You can verify this in a browser console:
encodeURIComponent("é") // "%C3%A9"
encodeURIComponent("😀") // "%F0%9F%98%80"
Or in Python:
from urllib.parse import quote
quote("é") # "%C3%A9"
quote("😀") # "%F0%9F%98%80"
UTF-8 is the universal standard for percent encoding non ASCII characters. Do not assume Latin-1 or Windows-1252 encoding unless you are working with a legacy system that explicitly documents it.
Common Mistakes
Encoding the full URL instead of just parameter values
If you pass https://example.com/path?q=hello to encodeURIComponent, the colons, slashes, and question mark all get encoded, producing a broken string. Encode parameter values, not full URLs.

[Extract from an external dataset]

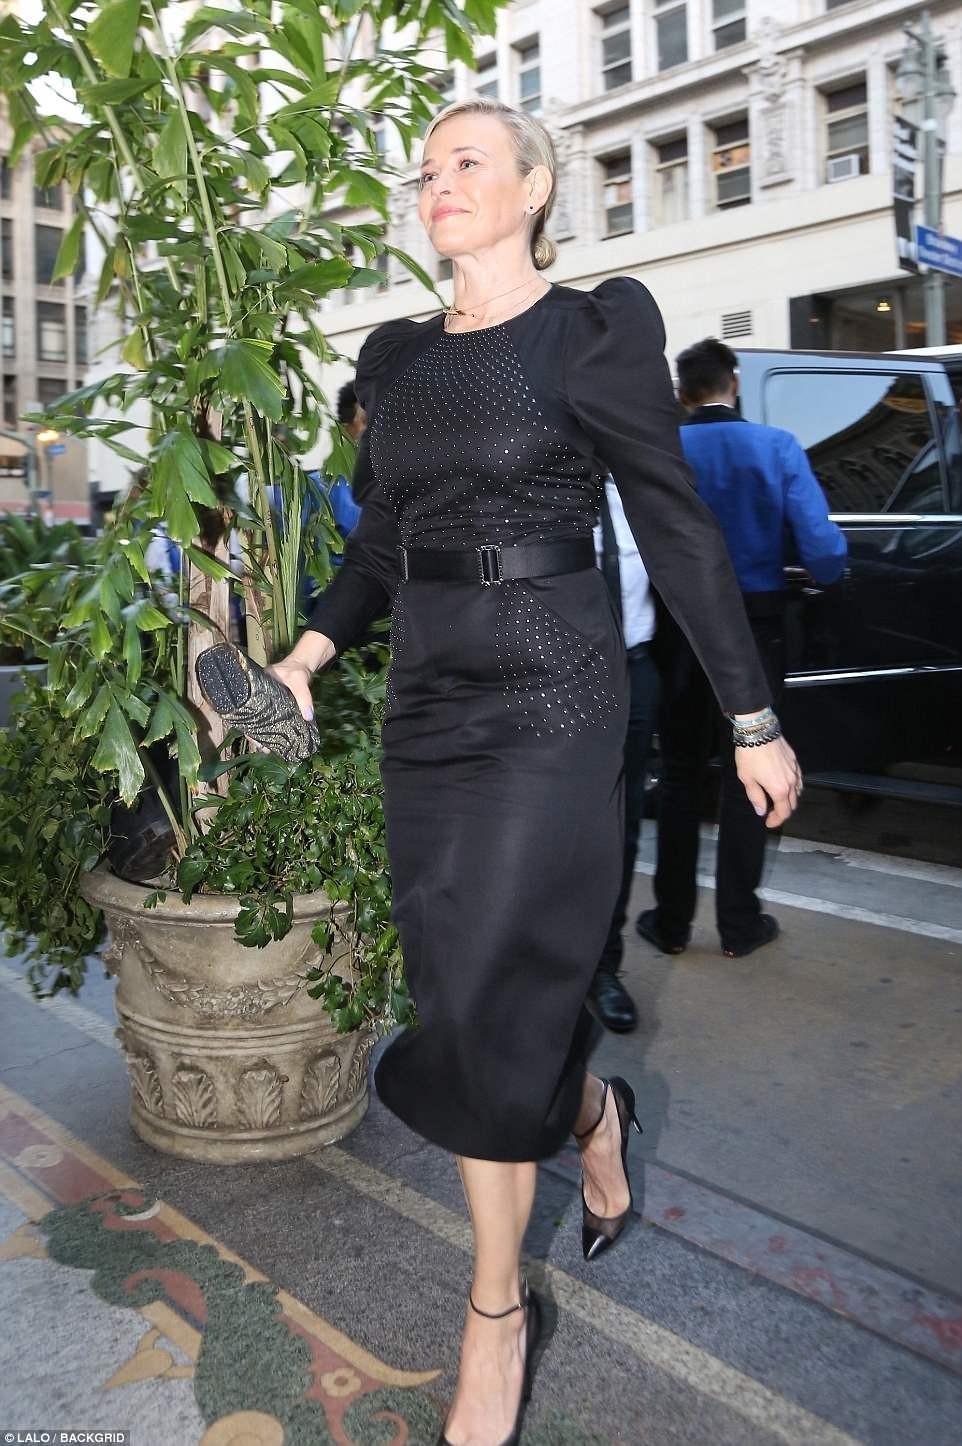 Actress Gwyneth Paltrow and Brad Falchuk hold

Forgetting to encode parameter keys
Keys can also contain special characters if they come from user input. Encode both keys and values.
Double encoding
If you receive a URL encoded string and encode it again, every % becomes %25. The decoded result will contain literal %XX sequences instead of the intended characters. Decode first, then reencode if the structure has changed.
Assuming the server will handle malformed input
Some servers are lenient and decode % sequences that appear in unencoded input. Others are strict. Do not rely on server side leniency. Encode correctly on the client.